The lyrics of Emmett's song involve the dandy John's courtship advice to the ladies on how to avoid ending up an old maid, the dandy John, and the efforts of the singer to avoid marriage. Written in dialect, with the usual stereotypical transgressions, such lyrics are now generally accepted as having been appropriated and adapted from African-American sources. Intriguingly, William Cullen Bryant collected the lyrics of a work-song version of 'John Come Down de Hollow' from slave sources during a visit in 1843 to a plantation in South Carolina. There, "he witnessed a corn-shucking, arranged for his benefit by the obliging proprietor [unnamed, but it may have been William Gilmore Simms.] (See Norris Yates "Four Plantation Songs Noted by William Cullen Bryant," in Southern Folklore Quarterly, v. 15, 1951.) As described by Bryant, "The negroes began to strip the husks from the ears...keeping time to the music...the songs were generally of a comic character, but one of them was set to a singularly wild and plaintive air, which some of our musicians would do well to reduce to notation." The differences between Bryant's 'plaintive' version and Emmett's provides a rare documentation of the typical way in which African-American sources were changed into comic minstrel repertoire.
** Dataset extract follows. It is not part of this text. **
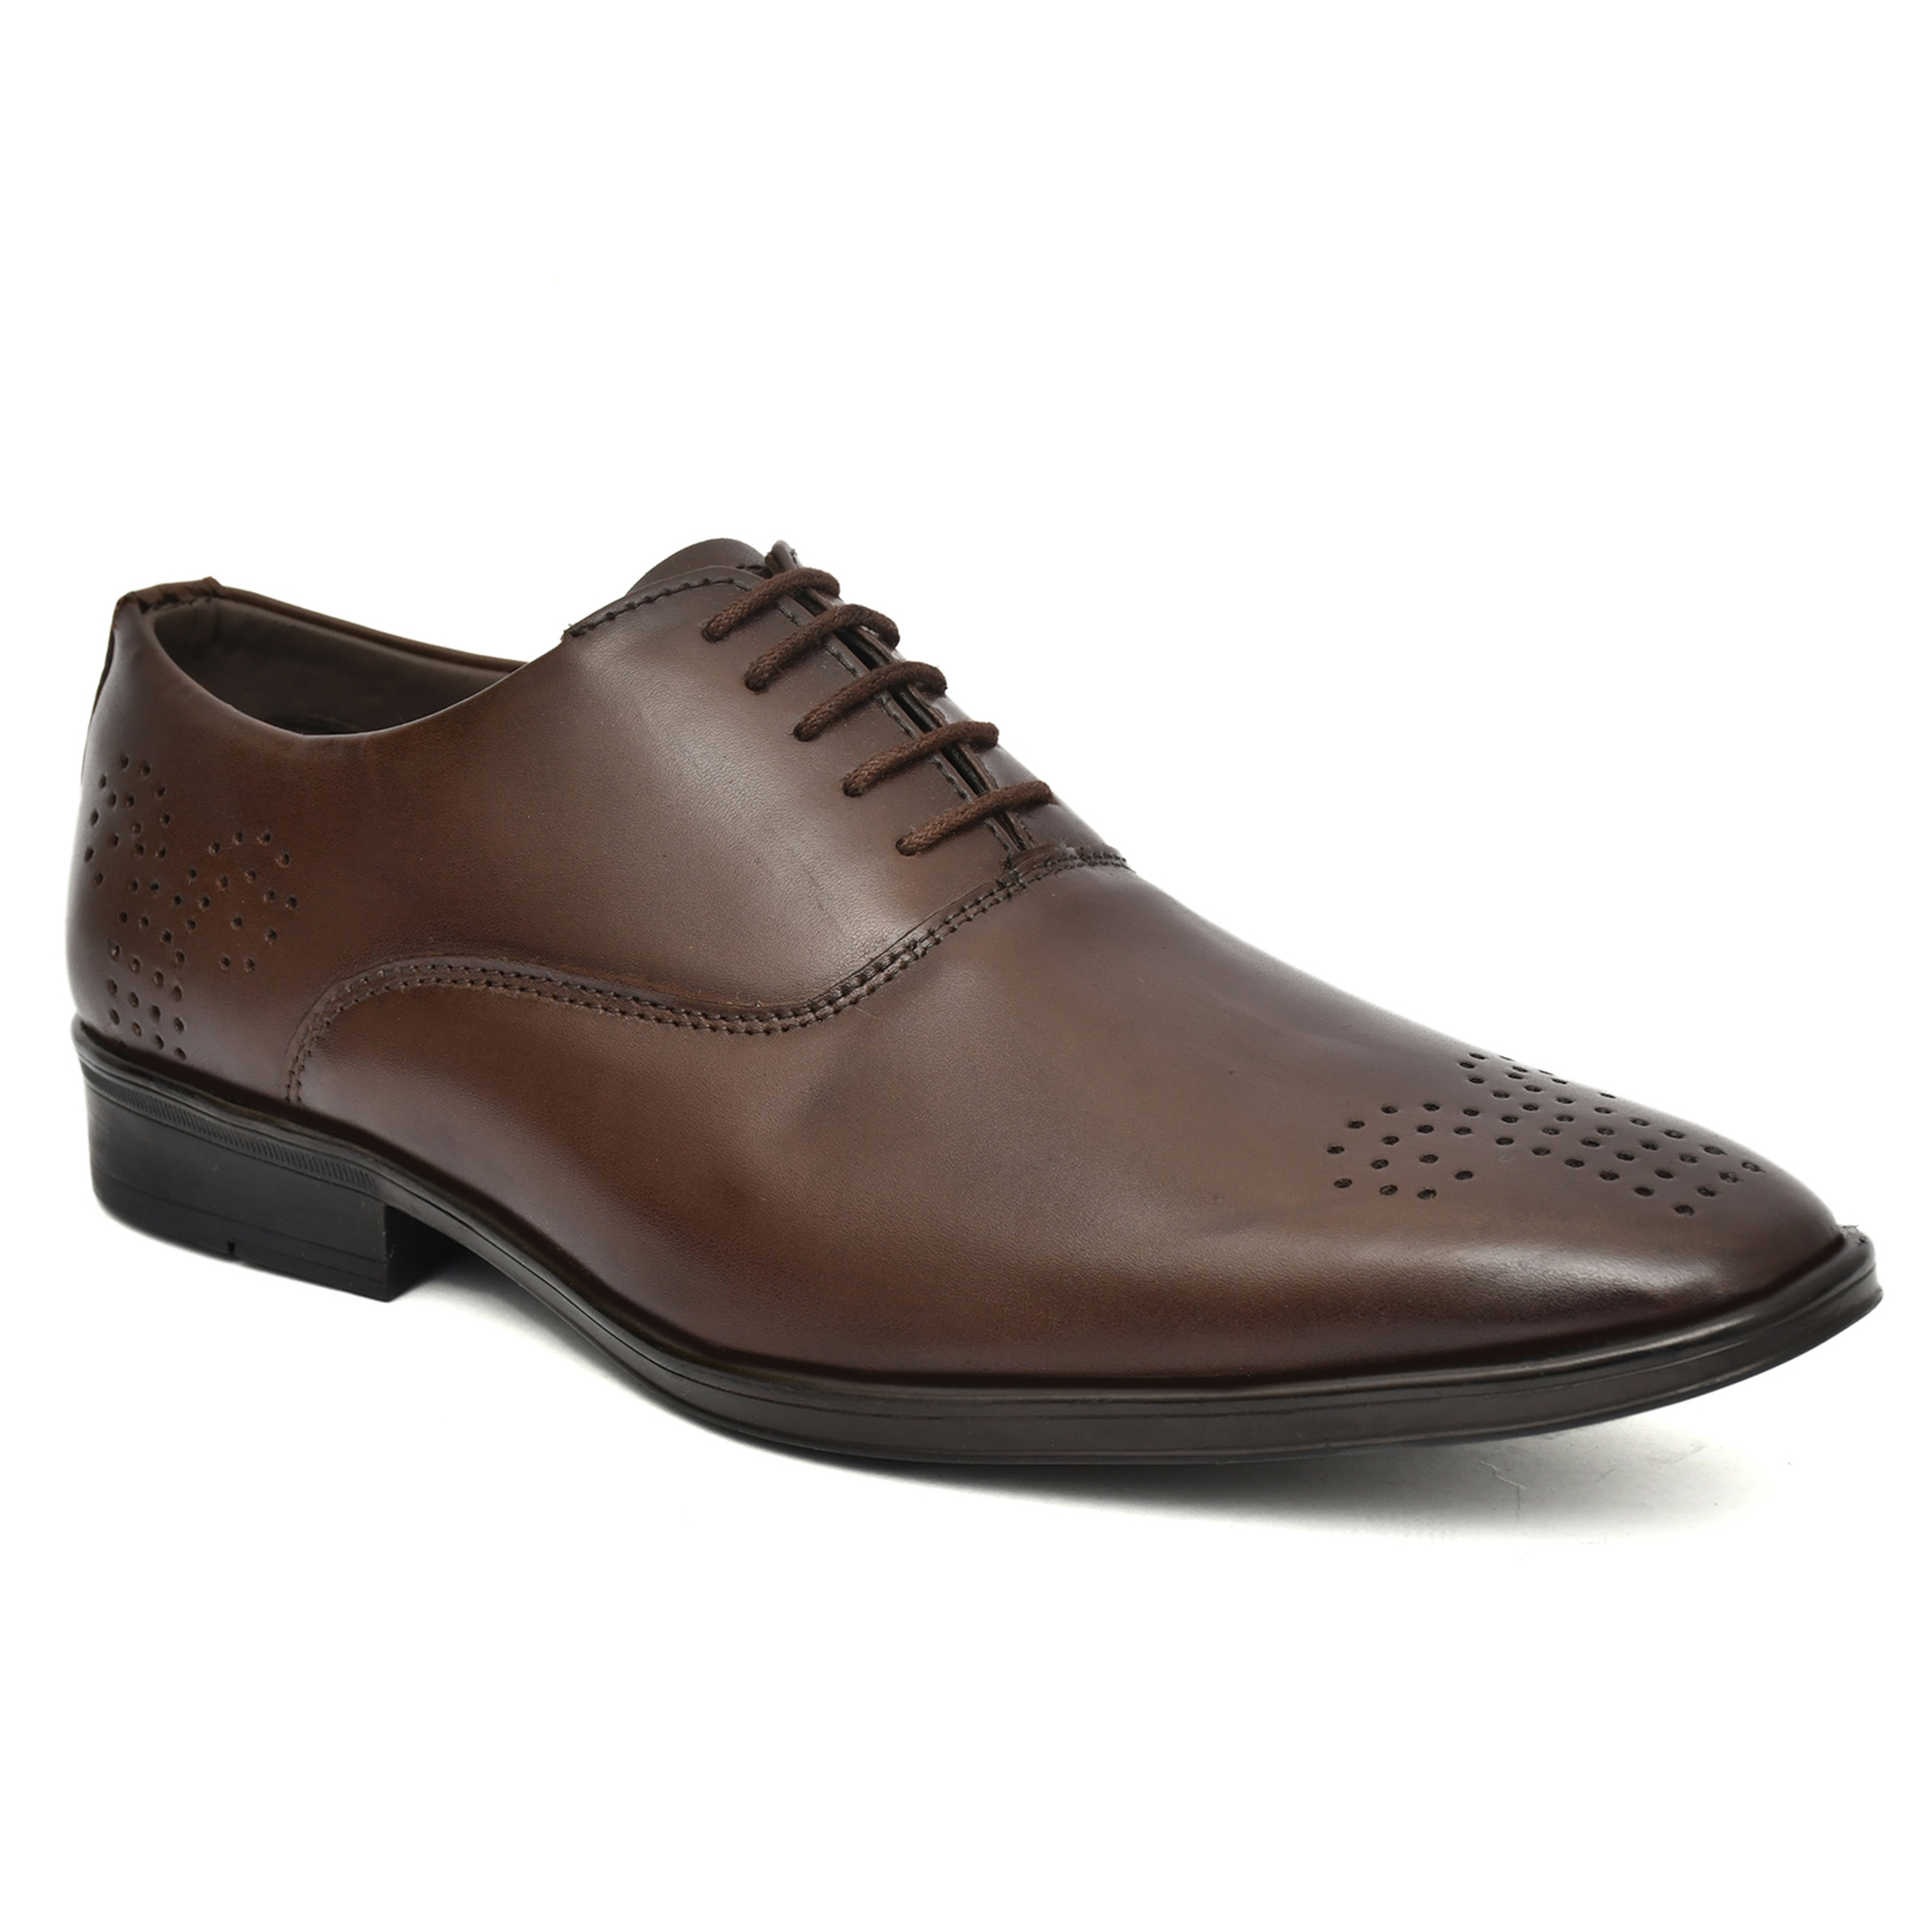 leather derby shoes for Men with Memory foam footpad by asm.

At the conclusion of the vocal score is a "Dance" in ten measures, which would have been the 'walk round' element of the song mentioned in the title, a minstrel dance which Emmett introduced in 1859 to the Bryant's Minstrels' performance routine, one which typically closed the first half of the show. It is generally thought to have its origins in African circle shouts brought over by slaves, and typically included a competitive element in which each dancer gets a chance to display his best moves, while others clap or 'pat Juba' on their bodies. All stops were pulled out for these boisterous minstrel finales, which were soon adopted by other bands, and Emmett's walk-'rounds defined the type, and are considered his most significant contribution to minstrelsy. Hans Nathan devotes an entire chapter to the walk-'rounds in his definitive biography of Emmett, and closes with particular mention of "John Come Down de Hollow." As previously mentioned, the song was evidently published as sheet music, but Nathan could not locate a copy, nor have we succeeded.
Although he is today remembered chiefly as the composer of "Dixie," Emmett's importance to minstrelsy, the overwhelmingly dominant American musical entertainment of the 19th century, can hardly be underestimated. He was a founding member in 1843 of the Virginia Minstrels, generally accepted as the first black face Negro minstrel troupe with what would become the full complement of banjo, fiddle, bones and tambourine. Their popularity and influence quickly spawned the genre, with numerous imitators on both sides of the Atlantic, and the devoted following of both white and black audiences. He was an accomplished banjoist, and his many compositions were central to the repertoire. Hollywood produced a movie of his life starring Bing Crosby in 1940, and he was inducted into the Song Writer's Hall of Fame in 1970. For the definitive study of Emmett and his music, with an entire chapter on Emmett's walk-rounds, see Hans Nathan's "Dan Emmett and the Rise of Early Negro Minstrelsy." Apart from later transcriptions and quotes from "I Wish I was In Dixie's Land," and a transcription of seven verses of "Old Dan Tucker" which sold at auction in 1978, the present manuscript is the only strictly contemporary full draft of any of Emmett's numerous other compositions to appear in the auction records of the past fifty years (this copy in 1964, to 2016).